Les décisions que prennent les autres pour nous, on n’est pas dupes, on sait bien qu’on n’attend rien de personne, que ça ne change pas les pistes qu’on creuse en soi et les ornières partout ; on le sait bien, oui : que ça ne dépend pas de cela, les oui, les non qu’on nous accorde, et quand bien même on sait ce qu’ils coûtent, ce que nous leur devons. Mais tout de même. On revient à la table de travail le lendemain matin ; et on n’est que devant une route de dix kilomètres qu’on commence à peindre avec le dos d’une fourmi.
On s’accroche à quoi ? Vers quoi on tourne la tête pour, oui, aller ?
On s’accroche à des exemples — les plus hauts — ceux qui incitent au plus dense de soi quelque chose de plus bruyant que soi, qui exige. On se tourne un peu tremblant vers les coins de rue tournés où quelqu’un, peut-être, va passer, a passé : et basculé avec la nuit toutes les habitudes, les convenances, et l’ordre des jours jusqu’au dernier — un matin de trop, ce matin, oui mais : c’est celui d’hier qui ne comptera plus — on se penche et on tomberait bien s’il n’y avait pas le désir de tomber.
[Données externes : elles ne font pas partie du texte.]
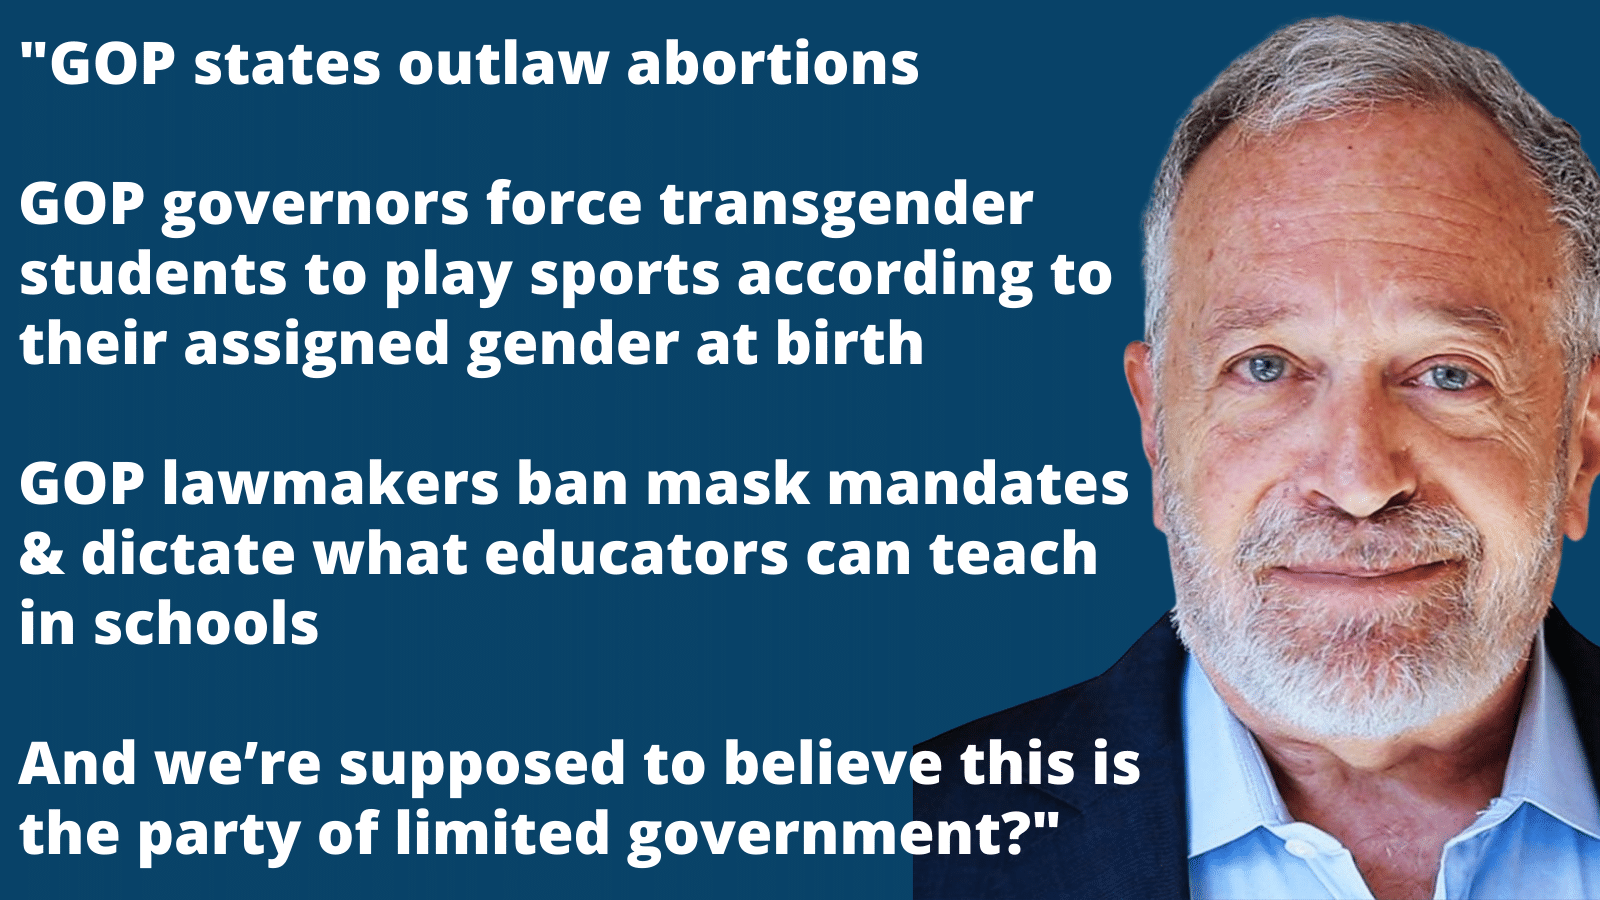 Robert Reich: ''GOP states outlaw abortions   GOP governors force transgender students to play sports according to their assigned gender at birth   GOP lawmakers ban mask mandates & dictate what educators can teach in schools   And we’re supposed to believe this is the party of limited government?''''GOP states outlaw abortions   GOP governors force transgender students to play sports according to their assigned gender at birth   GOP lawmakers ban mask mandates & dictate what educators can teach in schools   And we’re supposed to believe this is the party of limited government?''

One Too Many Mornings, Bob Dylan (Live "The Royal Albert Hall Concert" 1966)An’ I gaze back to the street, / The sidewalk and the sign,
And I’m one too many mornings / An’ a thousand miles behind.
D’une version du jour à une autre ; dérailler la direction : on a de grands exemples, et comme on a tous les désirs, on suit de plus grands encore, et on s’y tient : on s’y place. Alors, d’une chanson minuscule, j’aime l’entendre sonner comme le tonnerre. Et que vienne après la pluie (la pluie, la pluie, la pluie)
One Too Many Mornings, Bob Dylan (Live "Hard Rain" 1976)You’re right from your side, / I’m right from mine.
We’re both just one too many mornings / An’ a thousand miles behind.
À la surface de cette roche, j’y ai lu mon visage, et j’ai voulu posé ma main pour voir : j’étais sûr que les creux de la paume correspondaient, parfaitement. Une autre version du jour encore — à la surface de cette roche, j’ai vu tous les crachats qu’on inflige aux défaites, aux grandes défaites, les immenses et vivantes défaites —
celles qui, au soir, n’ont pas dit leur dernier mot.